Algorithms provide a much-needed service: they instantaneously perform a given function, or output by sifting through seemingly insurmountable quantities of data and ascertaining the input. In the financial services industry, algorithms can be used to determine investor sentiment and rapidly make trading decisions. In the healthcare industry, they can ascertain the correct diagnosis when fed the thousands of data points that comprise an individual’s medical records. Despite their plentiful benefits, algorithms do pose problems to humanity. As noted in Farman’s article, they have the capacity to shorten our attention spans and ability endure the “delayed” part of delayed gratification. Spikes in ADHD accompany persistent cell phone usage in teens, and the proliferation of algorithms could have a similar effect. For instance, tasks that previously took periods as long as days, such as solving complex mathematical equations, can be completed in seconds with Excel-like appliances. As society gradually reduces its critical thinking and attentiveness, the impact could well be catastrophic, not only on specific individuals but on the collective well-being.
Returning to the financial services algorithm (an area of specific interest to me, unsurprisingly.) An impressive portion of the world’s assets reside in AI and algorithmic investments, and the precise figure is only expected to grow, with Deloitte’s head of wealth management projecting $5-7 trillion being robo-managed/advised by 2025. Because of the high proportion of money managed by systems that trade on signals, a whole new host of risks exist.
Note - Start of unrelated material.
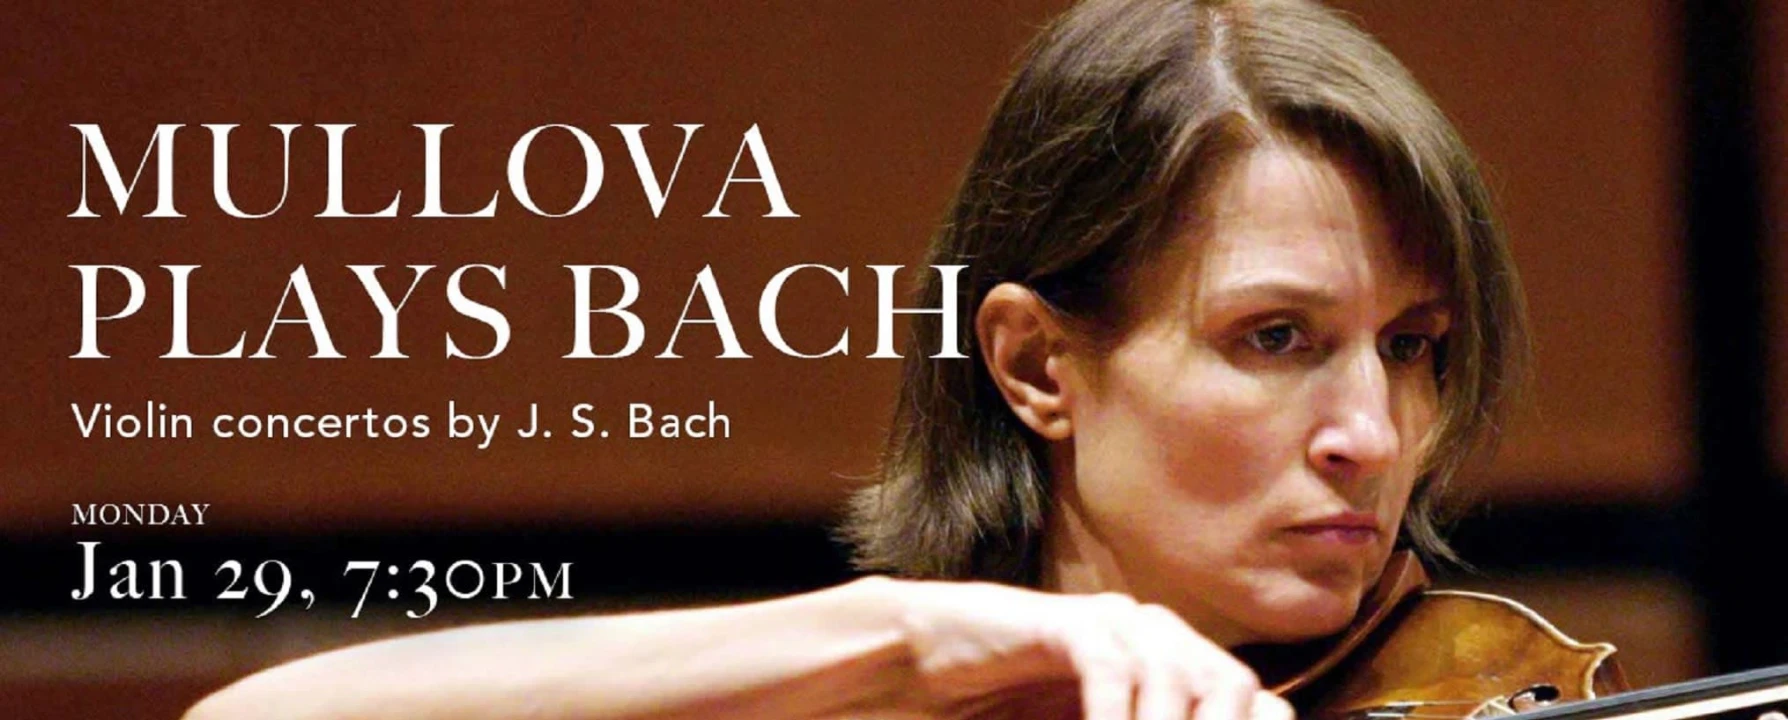 Mullova Plays Bach: Music of the Baroque: What to expect - 1

Take the financial crisis of 2008, for instance. A record plummet of 7% in the Dow Jones Index on September 29, 2008, while caused not by algorithms but by new information around stock fundamentals, was exacerbated by the speed with which institutions could exit out of positions. Generally, quick trading aids overall efficiency, but in cases of steep declines, can cause hysteria and precipitated lower dips in value than would otherwise occur. As the world’s wealth becomes more and more concentrated in funds that trade on signals and enable instantaneous sales, the magnitude of such drops will only rise, making massive declines in individual’s wealth in the matter of seconds fully conceivable.
Investment professionals increasingly occupy roles of oversight, deferring to algorithms in lieu of active or direct management.